The development of the childcare and early education workforce should remain ‘a top priority’ it says, adding that the Government should use the recently published Workforce Strategy to reverse the fall in early years teacher recruitment.

The Fair Education Alliance (FEA) is calling on the Government to commit to ensuring that every group setting serving the 30 per cent most deprived areas in England is led by an early years teacher or equivalent by 2020.

It also calls for a commitment from the Government that national spending on schools funding should not decrease in real terms on a per pupil basis.

The recommendations and priorities in the report card were developed and voted on by members of the Fair Education Alliance, a coalition of more than 80 organisations in business, education and the third sector. Members include the universities UCL Institute of Education and Oxford University, teaching unions, PACEY, the National Children’s Bureau, the National Literacy Trust, and the CBI.

On the goal to narrow the primary school literacy and attainment gap there has been some progress since the last report.

The gap at primary school is measured using key stage 2 reading and maths tests taken at age 11. 

The gap in primary literacy and numeracy between those at schools serving high and low-income communities has narrowed by 0.2 months in the last year, from 8.4 months to 8.2 months. It has narrowed by 0.6 months since 2014 results in the last report card, and by 1.1 months since 2012.

On early years the report says, ‘Support for the continued development of the childcare and early education workforce should be a top priority.

‘Our long-term ambition is for all group settings to be led by an early years teacher or equivalent, supported by well-qualified staff at all levels.

‘Initially, the Government should commit to working with the sector to ensure that every group setting serving the 30 per cent most deprived areas in England is led by an
early years teacher or equivalent by 2020.

‘The Government should also use the recently published early years workforce strategy as the platform to take steps to reverse the decline in early years teacher recruitment; ensure professional development and progression opportunities are available for everyone working in childcare and early education in England; and renew its ambition to driving improvements in quality through a properly supported and trained early years workforce.

‘Ultimately Government must renew its ambition to drive improvements in quality by providing sufficient funding so settings can recruit and retain their workforce and support staff progression, so qualified staff no longer leave settings so rapidly after qualifying as teachers.’

Liz Bayram, chief executive of PACEY, which advises the FEA on early years policy, said, ‘We know there is a strong evidence that graduate-led early years settings make a huge difference to children’s early attainment.

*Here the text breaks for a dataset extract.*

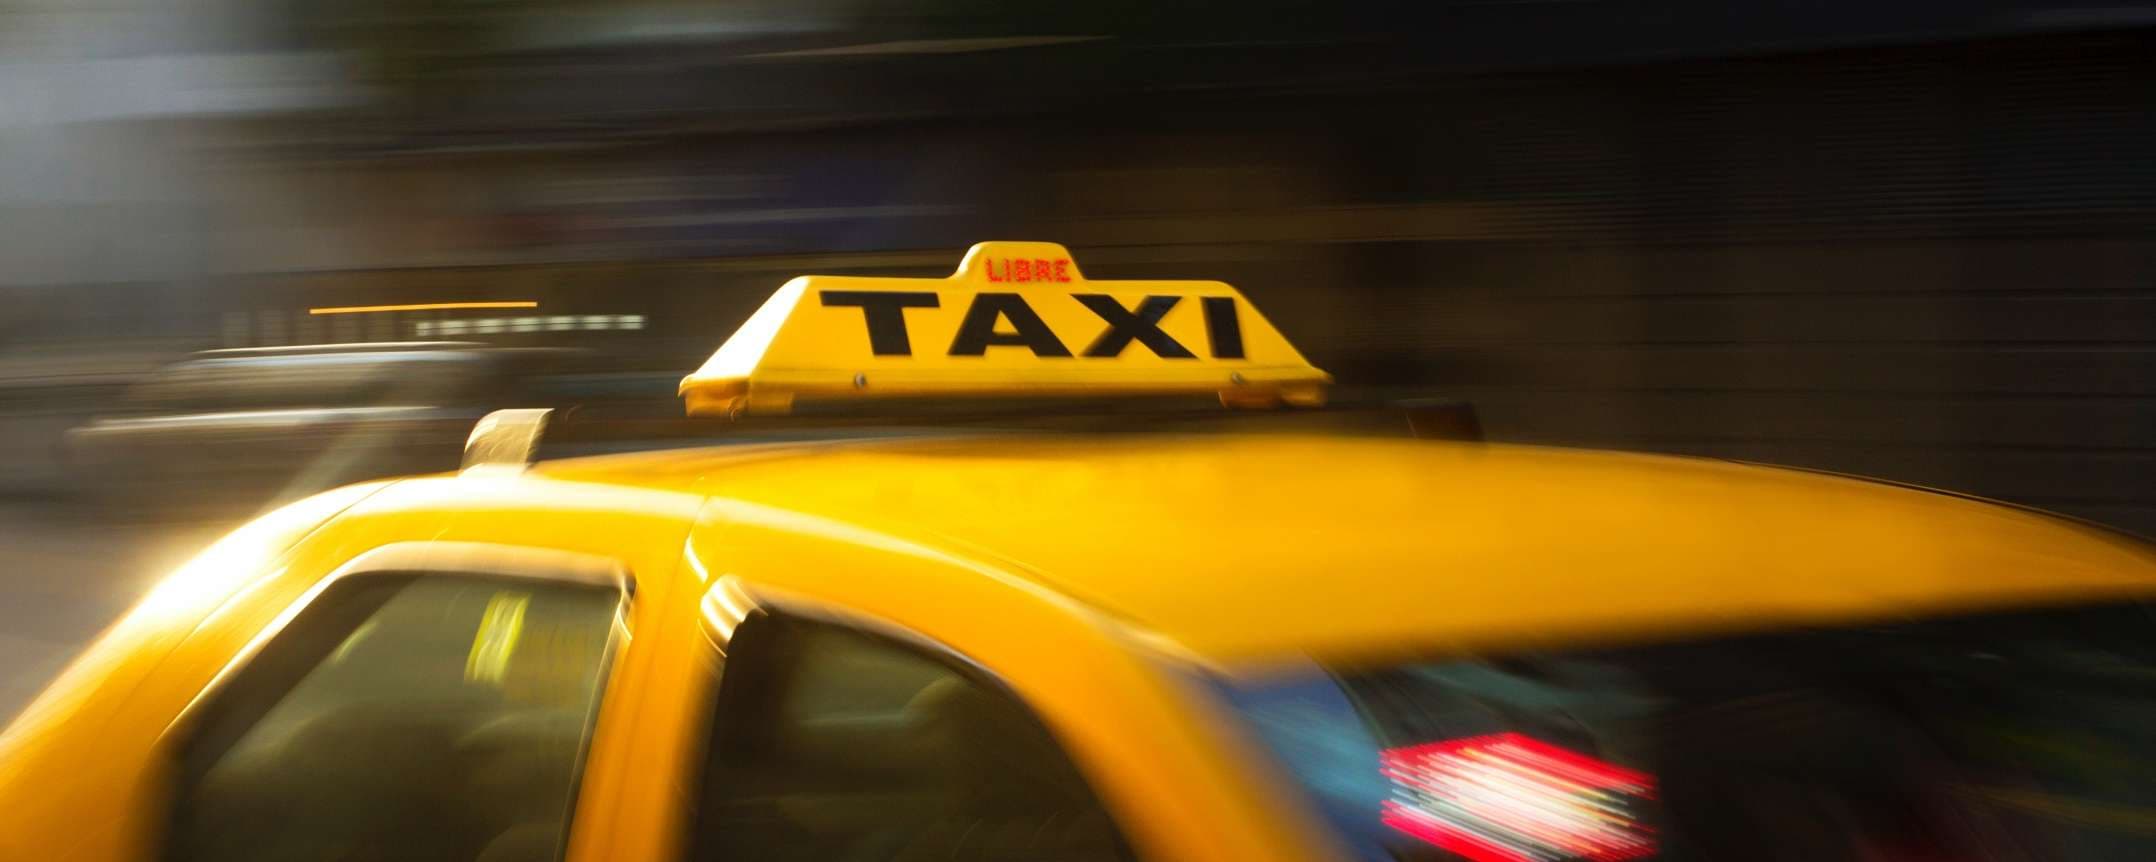 Optimus Taxi Service

We need focussed Government investment that ensures we stem the decline in the number of early years graduate leaders and encourages more to work in our most deprived areas. This is critical to closing the educational inequalities gap so many children currently experience.’

The FEA believes that England must meet five impact goals by 2022, and the report card reports on the progress on each. The other goals are:

  • close the gap in GCSE attainment;
  • ensure that young people develop key strengths including character, wellbeing and mental health they need to support high aspirations;
  • narrow the participation gap in post-16 education or training and;
  • close the graduation gap, with a focus on the most selective universities. 

Most of the analysis of progress against the FEA’s impact goals was carried out by the Education Policy Institute (EPI).

Sir Richard Lambert, chair of the FEA, said, ‘Inequality in education is still deeply entrenched in our country and our Report Card is a stark reminder of the scale of the challenge.

'The Government must address the funding crisis in schools – freezing school budgets in a time of rising inflation will only make the journey more difficult. As the UK seeks to reposition itself in the world, it becomes more crucial than ever that our young people are able to fulfil their potential irrespective of their parental background.’